Beans and greens has it all: it’s very easy and inexpensive to make; it’s highly nutritious; it’s soulful and comforting; and it can be served as a main course, side dish, soup, vegetable stew, or my personal favorite–as an appetizer. This is my new favorite home version, and uses delicious, beautiful escarole.
Step: 1
Heat 2 tablespoons olive oil in a saucepan over medium heat. Add garlic; cook, stirring, until bubbling and sizzling, about 20 seconds. Pour in chicken broth. Bring to a boil and cook until liquid is reduced by half, 6 to 8 minutes. Stir in red pepper flakes.
Step: 2
Stir in beans; bring to a boil and cook until you can see the tops of the beans just below the surface of the liquid, 6 to 8 minutes. Stir in oregano, lemon zest, and anchovy filet. Simmer for 3 minutes.
Step: 3
Place escarole in bean mixture; reduce heat to low and stir until escarole wilts, about 5 minutes. Season with salt and pepper to taste; garnish with red pepper flakes and extra virgin olive oil.
Per Serving: 203 calories; protein 7.8g; carbohydrates 24.8g; fat 8g; cholesterol 3.9mg; sodium 1006.6mg.

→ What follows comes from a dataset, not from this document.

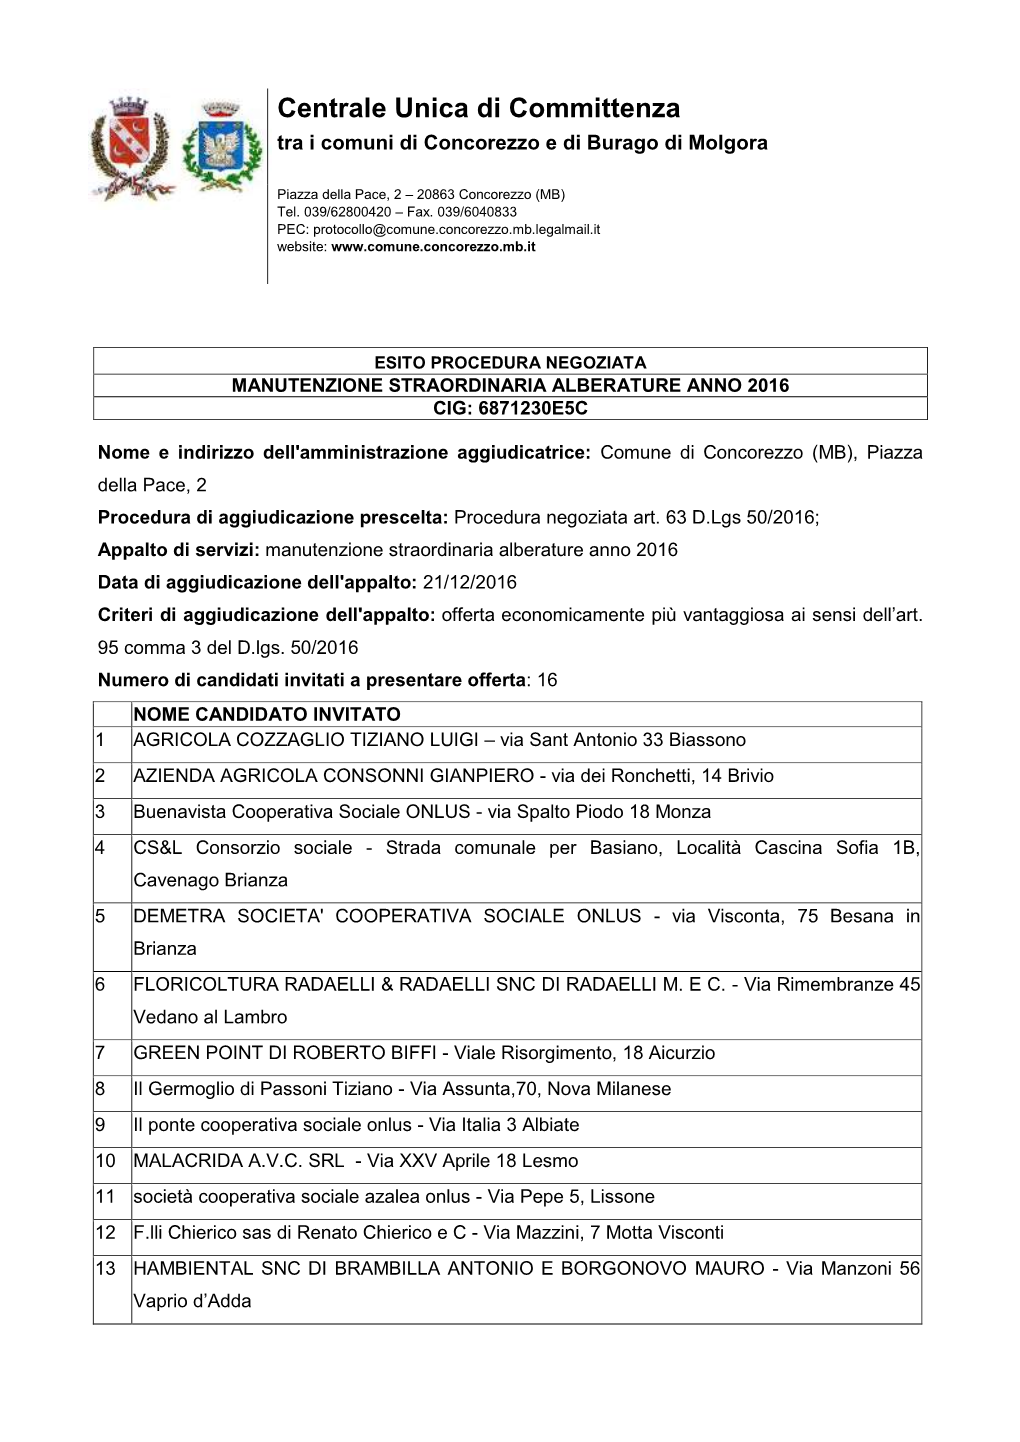 Comune Di Concorezzo (MB), Piazza Della Pace, 2 Procedura Di Aggiudicazione Prescelta: Procedura Negoziata Art
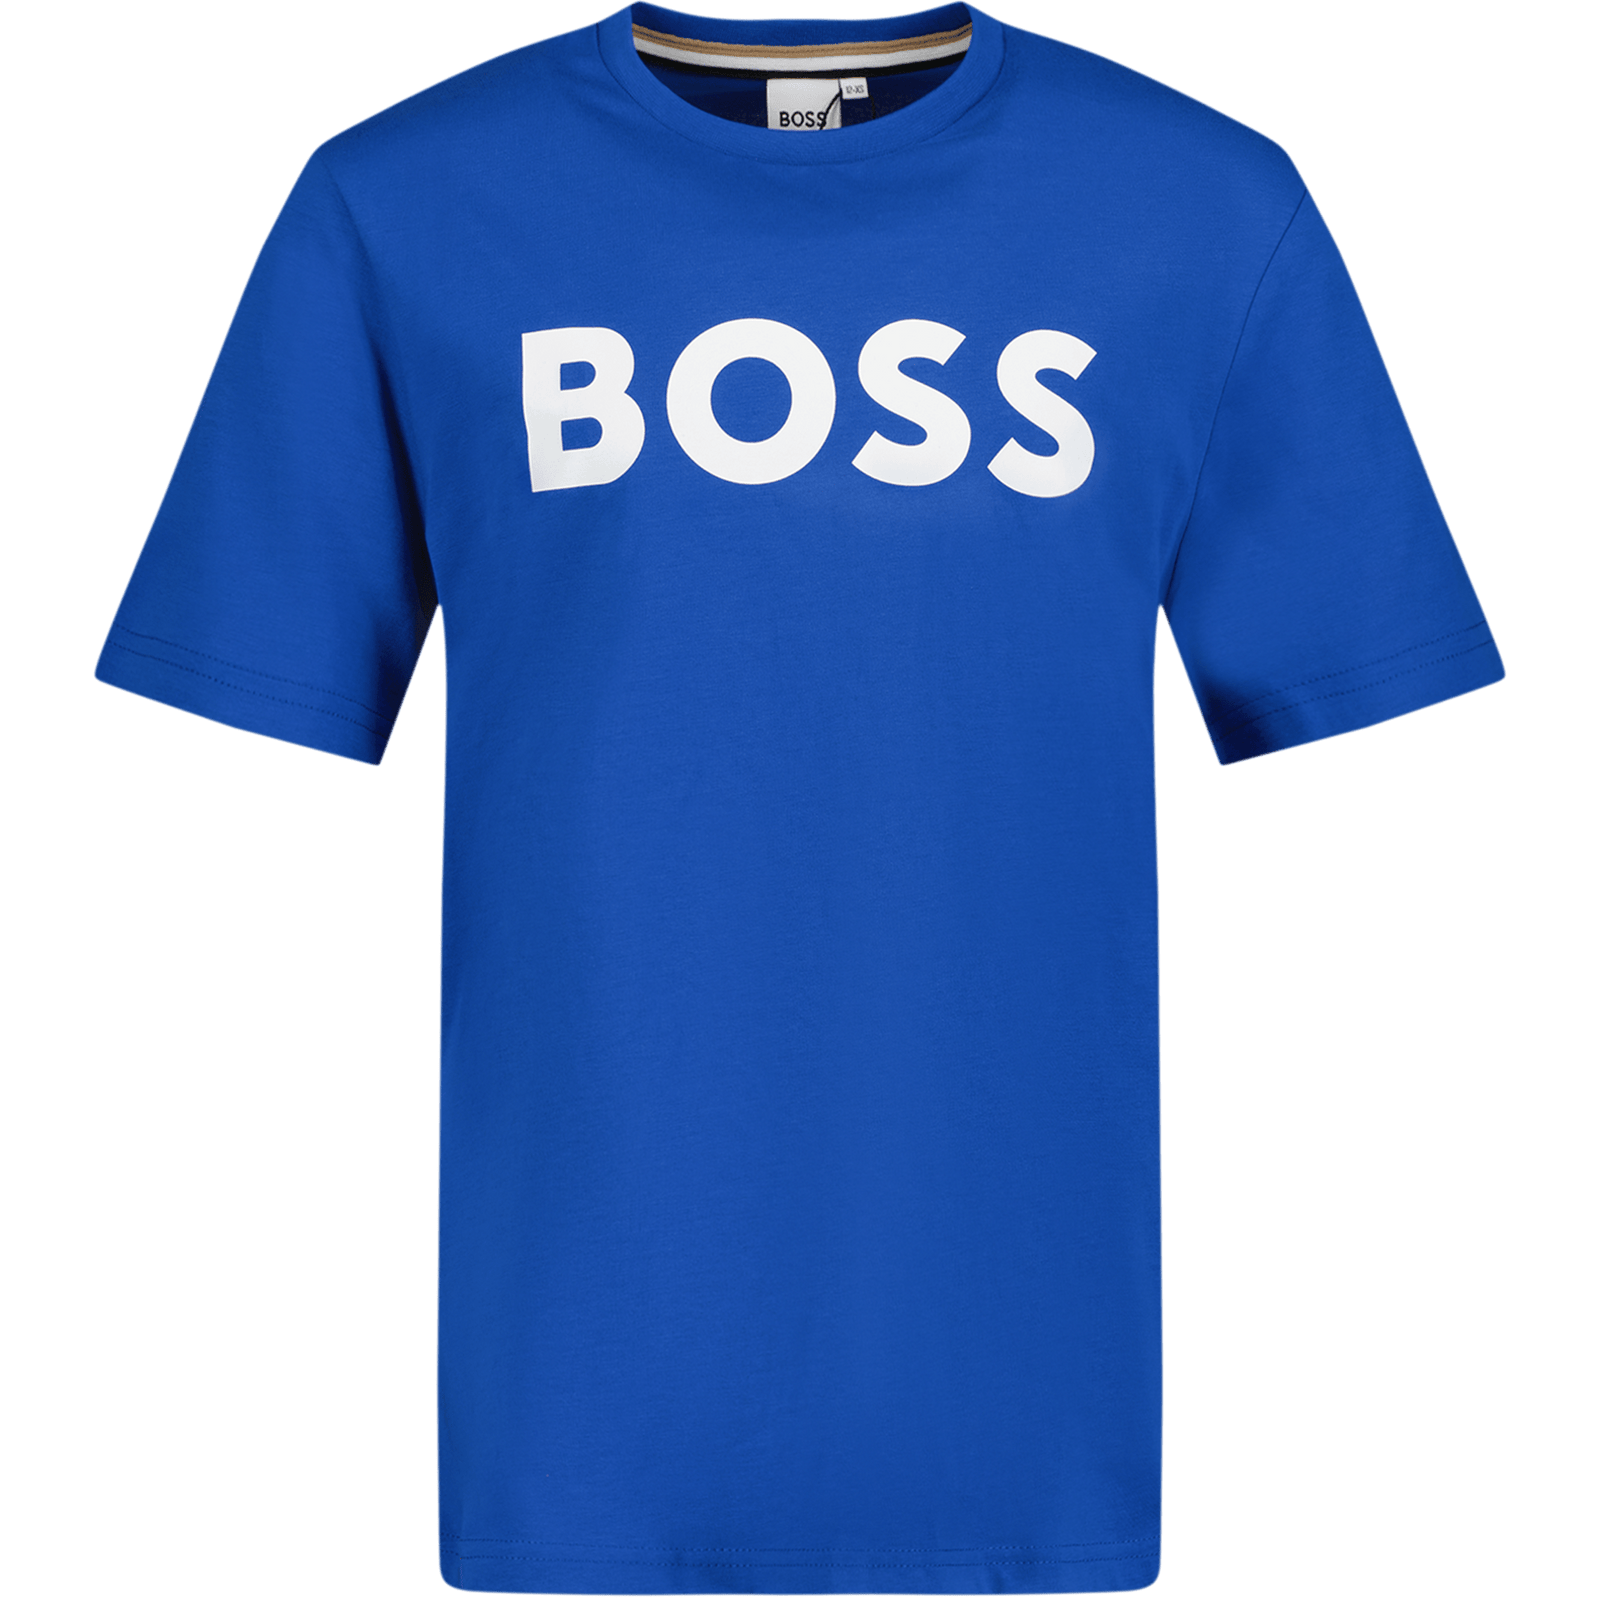 Boss Kinder Jongens T-Shirt Cobalt Blauw 4Y

Preparing your meal in advance can be extremely enjoyable that you do it with your favorite music in the background , a soothing beverage of your pick or even a partner. It is thoughtful to write every step required to create the food , which may include everything from your tools and utensils to your processing menu . Be sure to checkdown the ingredients in order , so as not to forget one . A handwritten list is typically best.
Bought the right kitchen tools is just as one most required as having the right ingredients . This includes everything from pots, pans, bowls and utensils to those essential items that are easy to forget, like as parchment paper and foil. Items like squeeze bottles for adding the perfect drizzle or decoration to your main food and long tweezers to arrange smaller and thinner dish are a likely for any home chef.